Culture and Customs of the Dao Ethnic Group
Ethnic minorities often reside in remote areas or high mountains, sustaining themselves through hunting or slash-and-burn agriculture. Introducing tourism to these communities can boost their income, mitigate environmental damage, and provide a refreshing climate for visitors. Let's join hands to protect our environment and make our Earth greener, cleaner, and more beautiful.
Housing: Dao houses vary greatly, including ground-level houses, stilt houses, or half-stilt, half-ground houses.
Family Structure: Patriarchal.
Traditional Clothing: Historically, men wore their hair long, tied in a bun at the nape of the neck or kept a long tuft on top with the sides shaved. Different Dao groups have distinct ways of wearing headscarves. There are two types of shirts: long and short. Dao women’s attire is diverse, often including long aprons, skirts, or trousers. Their clothing is very colorful, with intricate embroidery created from memory on the fabric's underside, resulting in raised patterns on the front. Patterns include swastikas, pine trees, birds, humans, animals, and leaves. The Dao people create patterns on fabric using beeswax, drawing with brushes or printing with beeswax-coated stamps. After dyeing the fabric with indigo, the patterns appear sky blue due to the beeswax resisting the dye.
Cuisine: The Dao mainly eat rice, with some areas consuming more corn than rice or porridge. They enjoy boiled meat, dried meat, fermented meat, and sour bamboo shoot soup.
Festivals: The Dao celebrate Tet in January, worship ancestors in January, July, and December, with specific days for ancestor worship varying among different Dao groups. They also have life cycle ceremonies like the Cap Sac ceremony, weddings, funerals, health prayers, and spirit worship.

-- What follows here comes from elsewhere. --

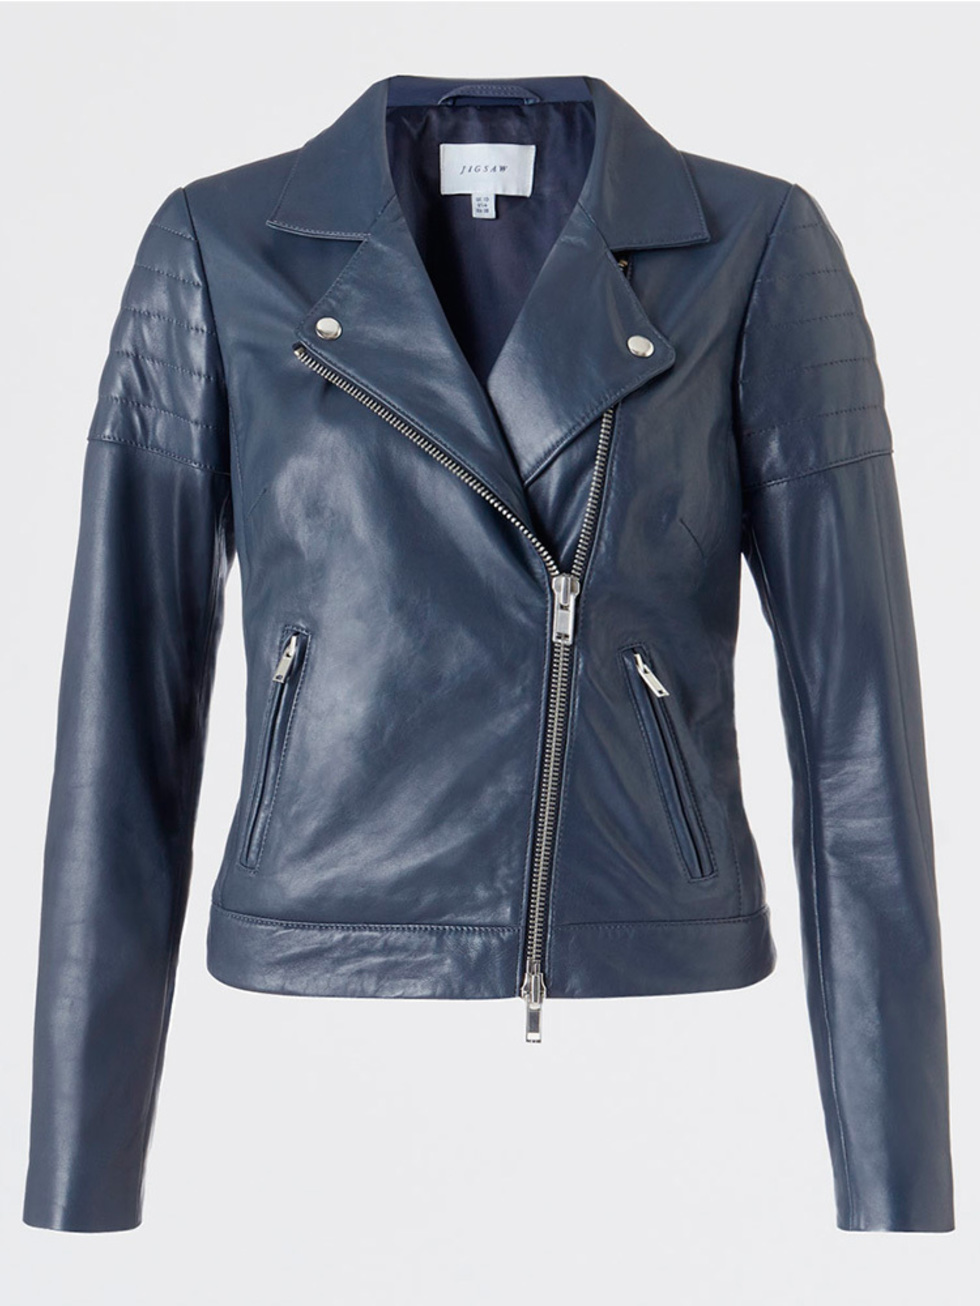 Leather jacket jigsaw - Leather Jacket Jigsaw 30

Beliefs: The Dao follow both primitive beliefs, agricultural rituals, and are significantly influenced by Confucianism, Buddhism, and especially Taoism. Ban Vuong is considered the progenitor of the Dao and is worshiped alongside each family's ancestors. Traditionally, all men of age must undergo the Cap Sac ceremony, which is a Taoist ritual with traces of ancient initiation rites.
The Dao have polytheistic beliefs, worshiping ancestral spirits, kitchen gods, local deities within families, and clan spirits within lineages or clans. At the village level, they worship village spirits, including protective deities and local gods, and conduct rituals for rain or sun prayers, pest control, etc. Historically, they also worshiped field, hill, and water source spirits.